While we have never passed on the issue raised by Smith, the overwhelming weight of authority holds that an insurer's contractual assumption of the potential liability of a deceased is an asset of the deceased during his lifetime and of his estate upon death. Robinson v. Carroll, 87 N.H. 114, *304 174 A. 772; Gordon v. Shea, 300 Mass. 95, 14 N.E.2d 105; In re Vilas' Estate, 166 Ore. 115, 110 P.2d 940; Furst v. Brady, 375 Ill. 425, 31 N.E.2d 606; In re Riggle, 18 Misc.2d 988, 188 N.Y.S.2d 622; Cox v. Kresovich, 168 Neb. 673, 97 N.W.2d 239; Tweed v. Houghton, 103 Ga. App. 57, 118 S.E.2d 496; Thompson v. Surprise, 193 Kan. 145, 392 P.2d 922; In re Estate of Gardinier, 40 N.J. 261, 191 A.2d 294; In re Edmundson, 273 N.C. 92, 159 S.E.2d 509. See also 67 A.L.R.2d 936.

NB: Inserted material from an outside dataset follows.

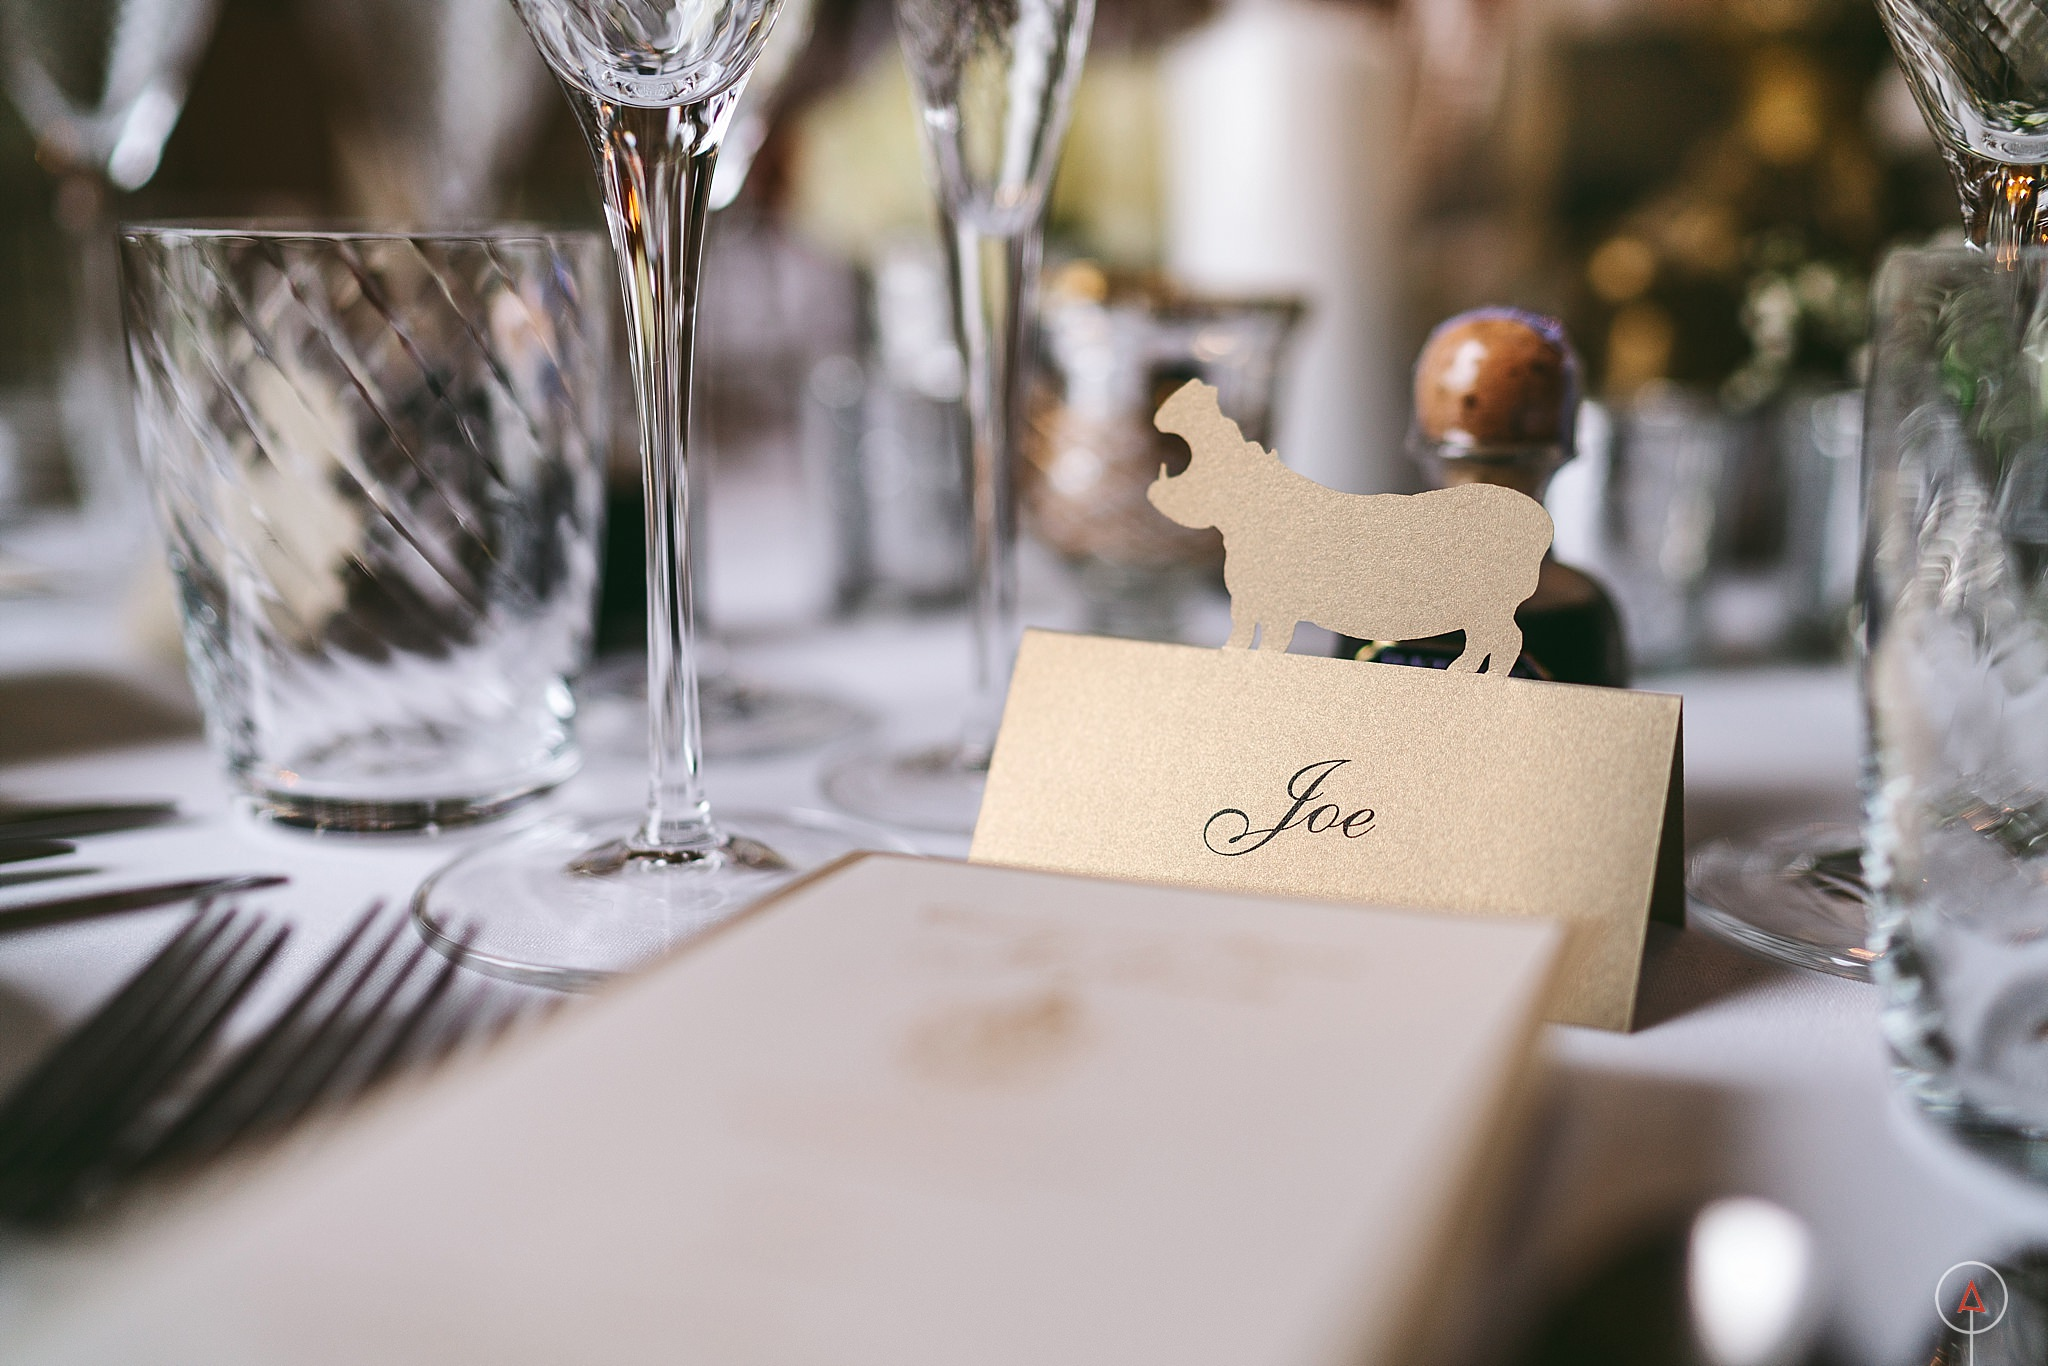 cardiff-wedding-photographer-aga-tomaszek_0286

We believe that, from the record before us, it is obvious that the co-administrators were aware of the collision and their sister's insurance policy. Having in mind the broad and all encompassing language of § 33-9-1, the decedent's interest in the automobile insurance policy was a "right" that should have been listed in the inventory.[4] The estate had not been completely distributed and the probate court had jurisdiction to permit the filing of Smith's petition.

The co-administrators' appeal is denied pro forma. Their petition for certiorari is denied and dismissed, and the writ heretofore issued is quashed.


[1] See P.L. 1952, chap. 3023, sec. 1.

[2] See § 33-17-1 (2) Third.

[3] In order to prevail in his Superior Court action, Smith must allege and prove that his claim was filed in the probate court clerk's office and disallowed. Kelly v. Harlow, 51 R.I. 137, 152 A. 696. If the co-administrators were successful in this petition, Smith's suit would fail.

[4] Smith's counsel also argued before us that a rebate of the unearned premium on the policy should have been listed in the inventory. We of course have no way of knowing whether there was or was not a rebate due but we certainly commend counsel's zeal in seeking to discover undeclared assets.